# Ponderosa Pine - is it worth it?



## DCuch86 (Mar 12, 2014)

My family has a lake house with a ton of ponderosa pines my father in law wants to cut down. From what he says, they're about 6-8" diameter. My question is, would it be worth it to try and mill them out with my 14" bandsaw? I've seen the jigs online for cutting the logs up but is the wood even worth it? My thought would be to cut the trunks into manageable lengths like maybe 2', 3'.

Thanks guys!


----------



## GeorgeC (Jul 30, 2008)

A large amount of work for very little product.

George


----------



## Steve Neul (Sep 2, 2011)

You would ruin you bandsaw trying to mill them on it even short lengths. If there is enough of them it might be worthwhile getting a Harbor Freight portable saw mill. A cheaper method would be to use a chainsaw saw mill but would be a lot of work.


----------



## DCuch86 (Mar 12, 2014)

Well the $2k for the HF mill is definitely out, the chainsaw method would probably be the most likely way. I think he wants to take out like 8 trees but I'm not sure how tall they are either, I need to go up to the house and check out before I do anything. My thought was just if the wood is worth it, maybe it would be a worthwhile investment to get the chainsaw mill and then mill them down on the jointer and thickness planer


----------



## Steve Neul (Sep 2, 2011)

The diameter of the logs is what is really going to hurt. Out of a 8" log I would guess you would get maybe two 2x6's and two 1x4's. The rest of it would go into firewood. With only eight trees I doubt if it would be worth getting a chainsaw mill. I think your best bet would be to find someone with a mill and have them saw the logs for you.


----------



## hwebb99 (Nov 27, 2012)

You might turn them, but IMHO they are not worth milling.


----------



## MidGAOutdoor (Apr 7, 2011)

slightly off topic but pine is all I fool with. I HATE oak with a purple passion


----------



## hwebb99 (Nov 27, 2012)

MidGAOutdoor said:


> slightly off topic but pine is all I fool with. I HATE oak with a purple passion


I also don't like oak. Have you used a better hardwood like maple.


----------



## ryan50hrl (Jun 30, 2012)

There's nothing "better" about maple than oak. Wood choice is regional and personal preference.


----------



## hwebb99 (Nov 27, 2012)

ryan50hrl said:


> There's nothing "better" about maple than oak. Wood choice is regional and personal preference.
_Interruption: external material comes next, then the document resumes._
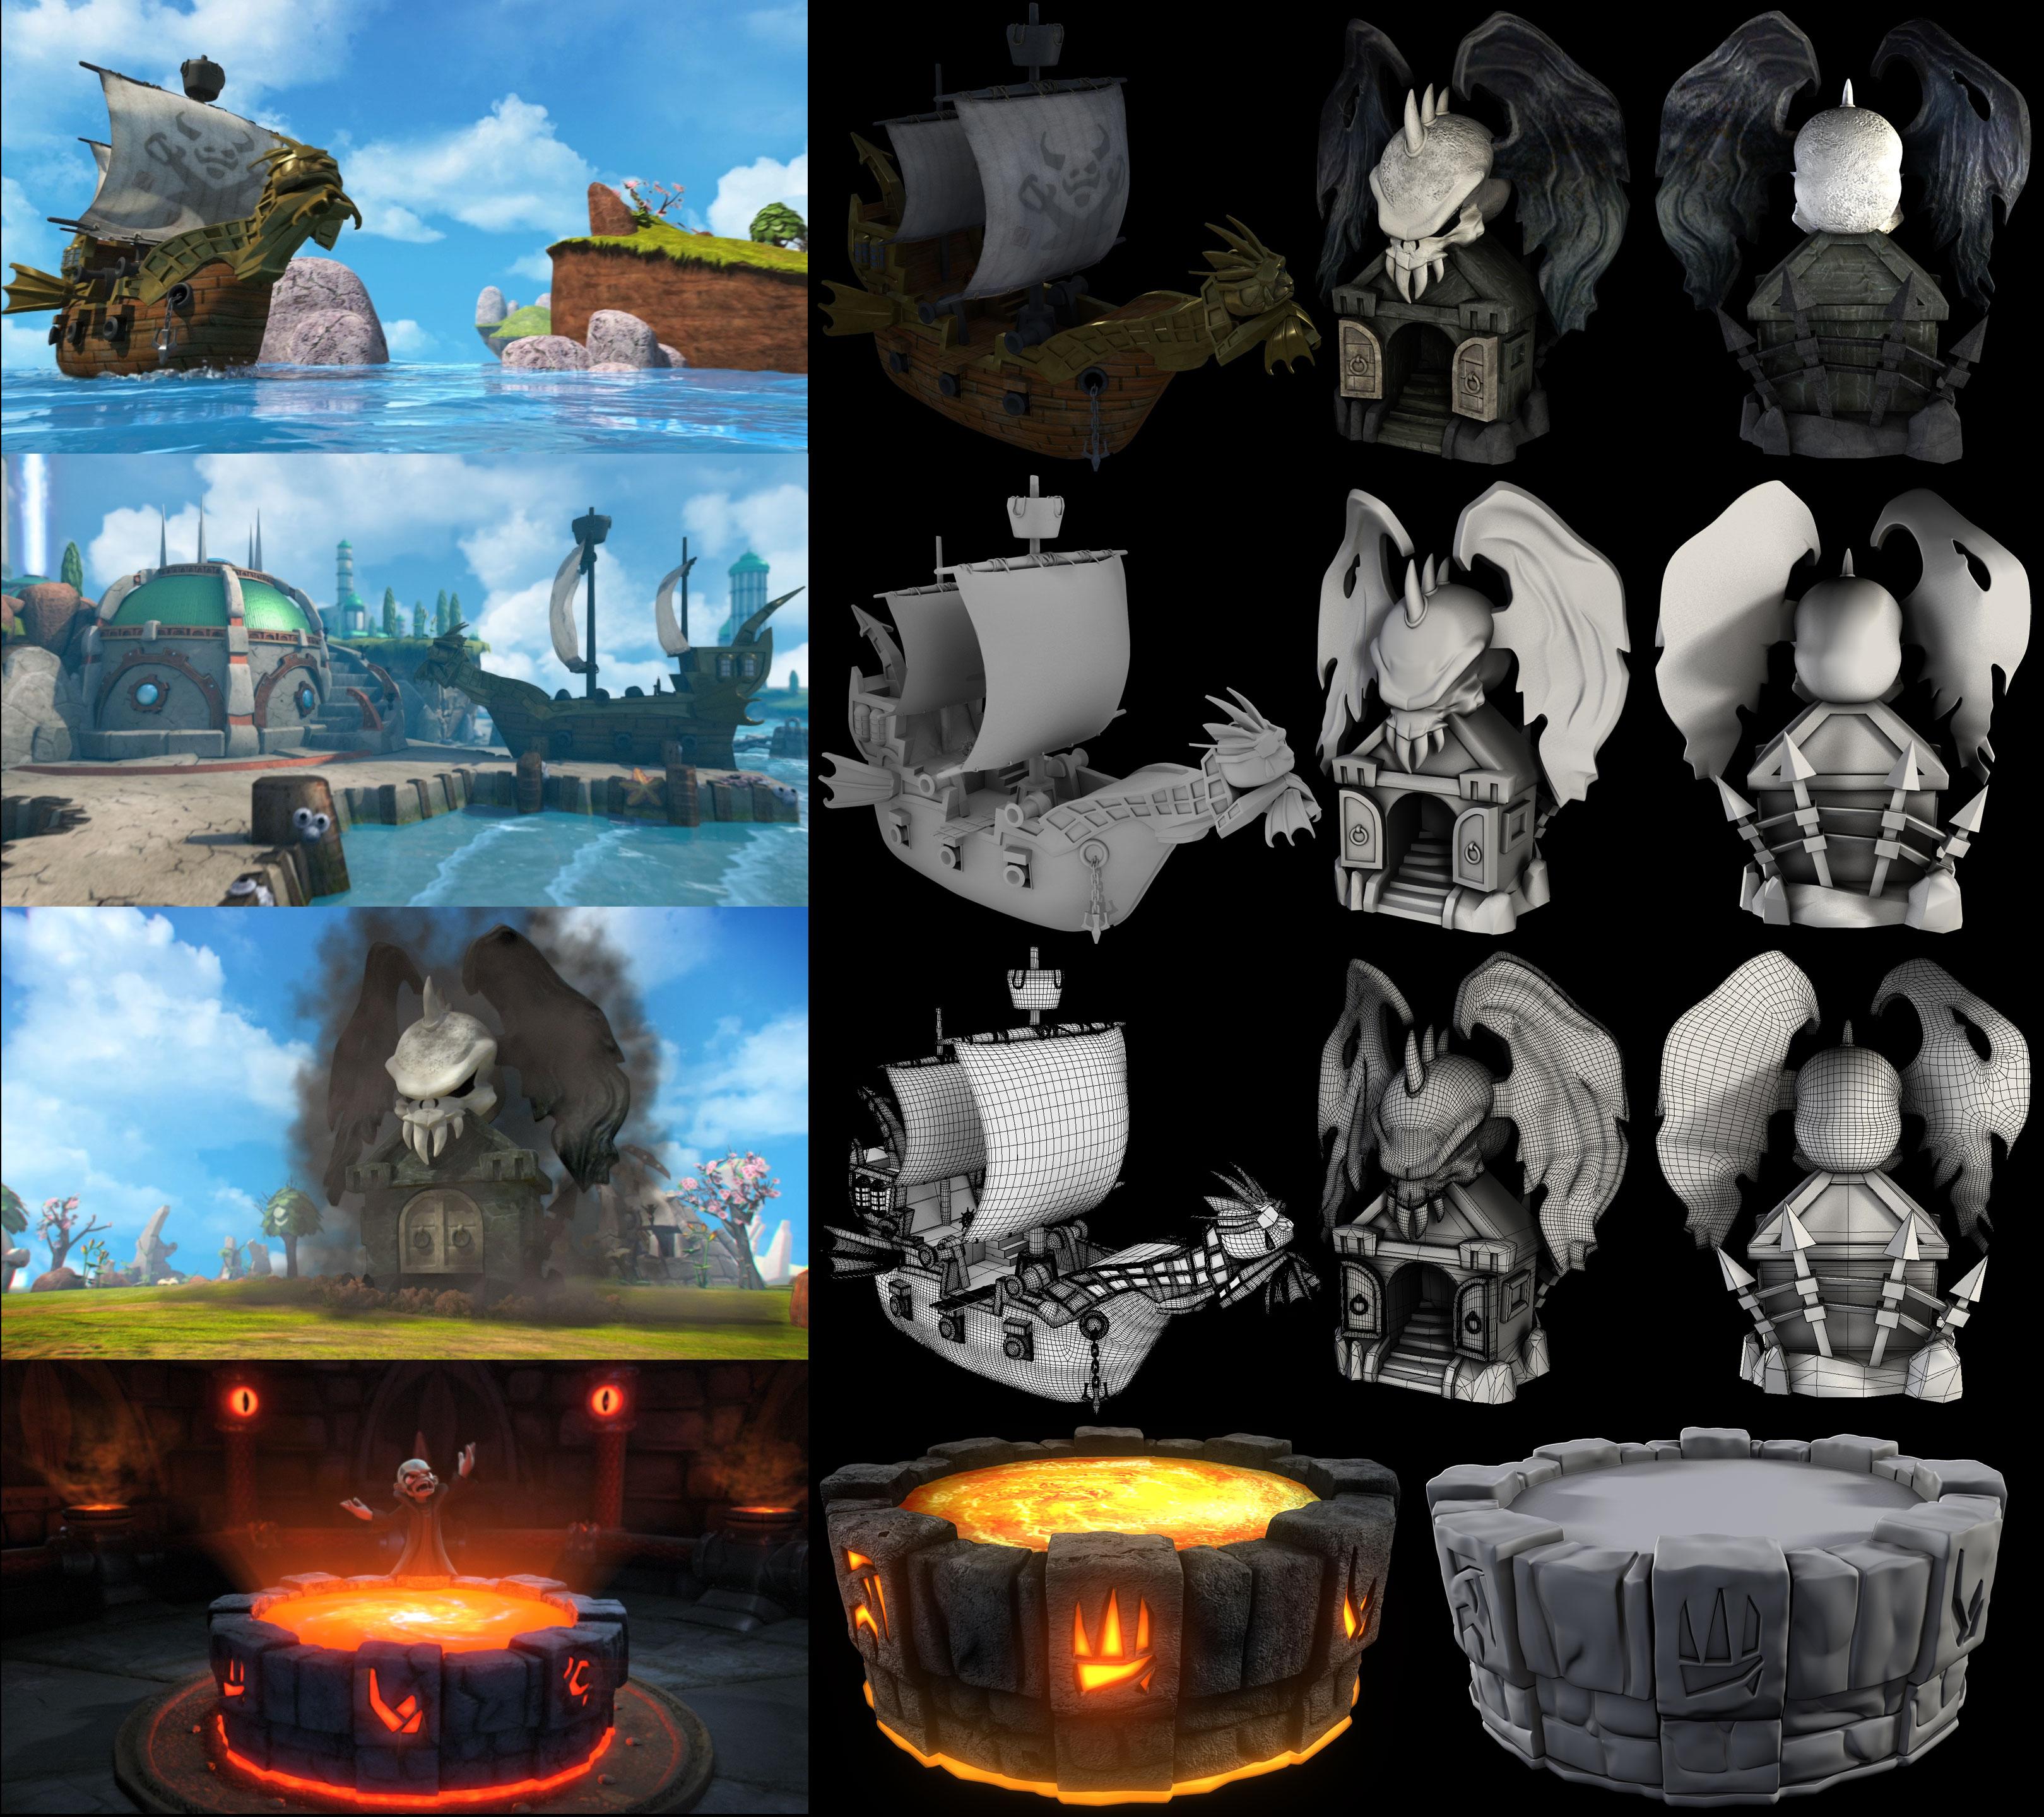 Skylanders game cinematics by Artsomniac

Everything is better about maple. Hard maple is harder than oak. Maple is tighter grained than oak. IMHO maple is prettier, and more stable than oak.


----------



## ryan50hrl (Jun 30, 2012)

That tells me you've seen or based that opinion off of flat sawn oak, which id agree. But in my opinion rift sawn oak is better looking than maple any day. 
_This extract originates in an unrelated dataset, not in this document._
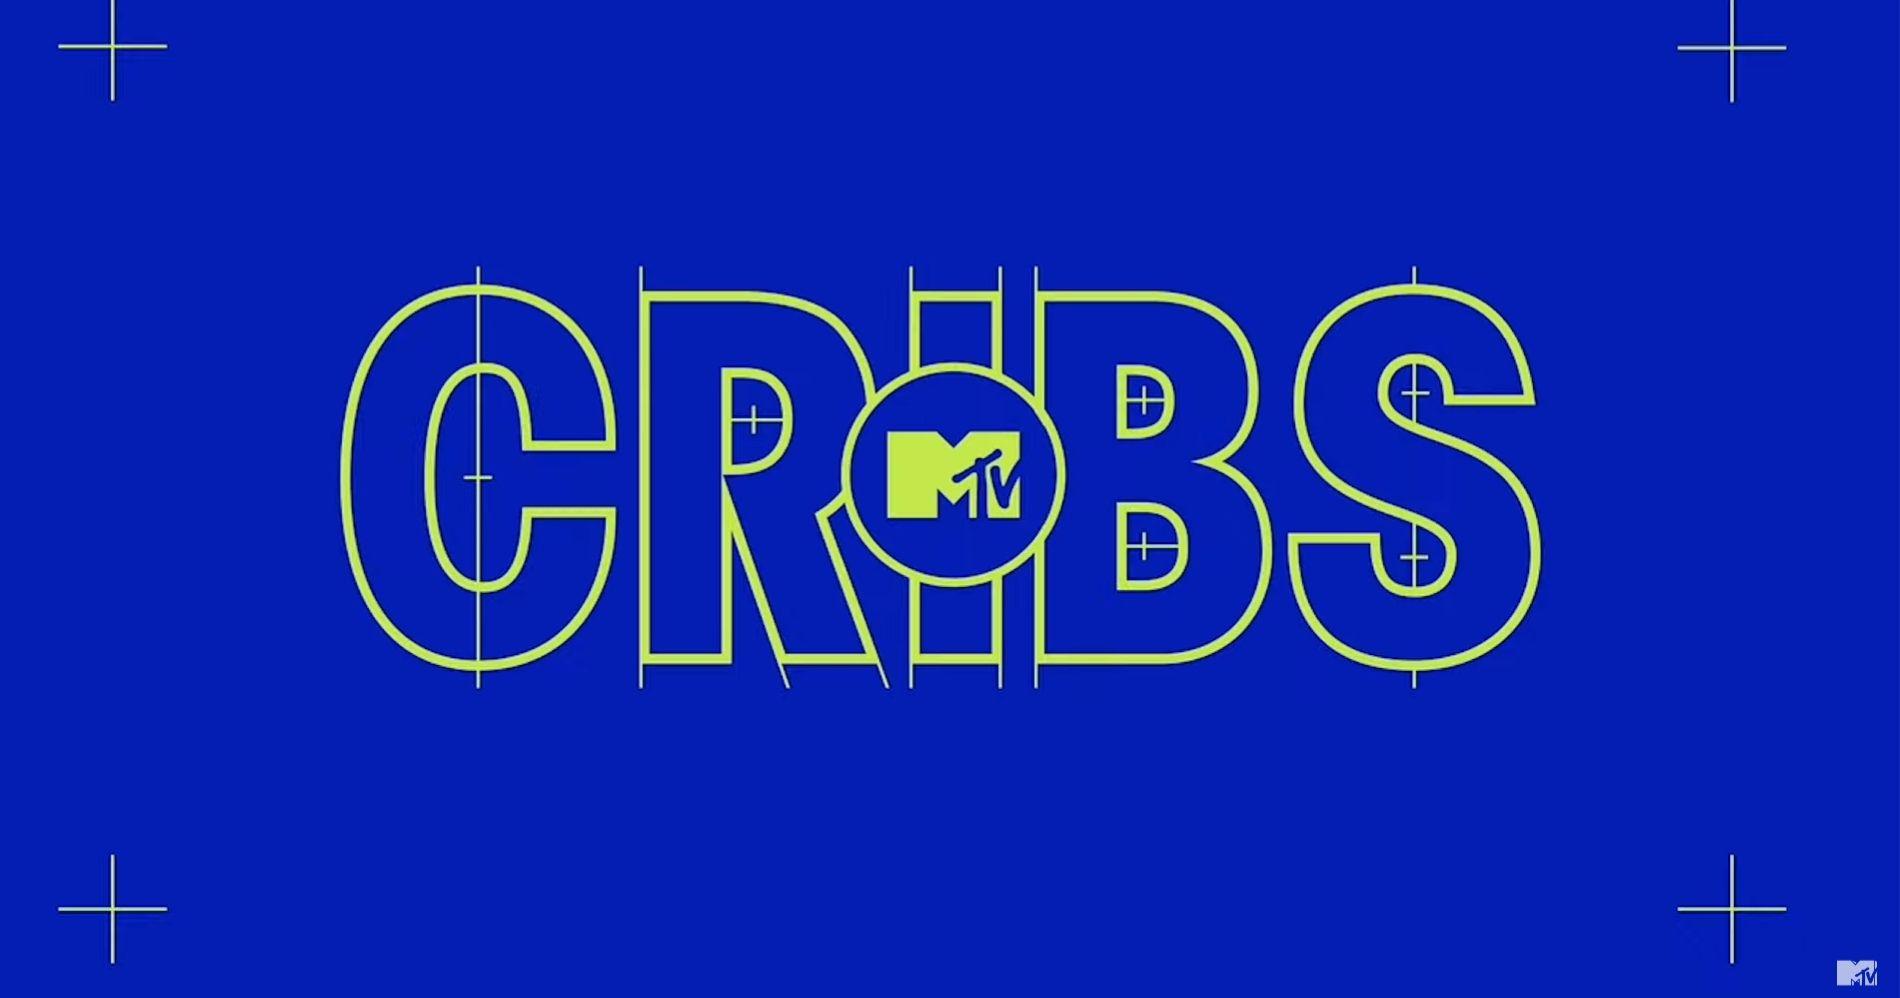 MTV Cribs Illustration Web Bisnis Muda - Image: Kanal Youtube MTV Vault

Really what it comes down to is furniture type. Your not going to make traditional mission styles out of maple...and oak isn't great for other things.


----------



## hwebb99 (Nov 27, 2012)

I have seen about every kind of oak there is. Curly maple looks better than any oak. I don't plan to build any mission style furniture.


----------



## cowboylogger (Mar 7, 2015)

if you got so thing to use the pine boards I say yes cut it down but if not do not cut it down case that just waste wood right there .


----------



## epicfail48 (Mar 27, 2014)

hwebb99 said:


> I have seen about every kind of oak there is. Curly maple looks better than any oak. I don't plan to build any mission style furniture.


I think that's a pretty personal opinion, not a statement of fact. Personally, I'd take quartersawn red oak over curly maple any day, because I think the open grain pattern and ray flecks are more eye catching and the color is a little more timeless. I don't really think you can make a blanket statement of "wood x is always better than wood y". Different woods work better for different things. If I'm making a cutting board I'll go for maple, but if I were doing a carving maple would be the last thing I'd want because its too hard.


----------



## cedarheaven69 (Feb 27, 2015)

First, from your description I would say these are Jeffery Pine which isn't even good for firewood as the pitch content is high & actually have turpentine (60%). If burned in a woodstove will create a creosote build-up. Rarely do PP grow in a group as you describe.


----------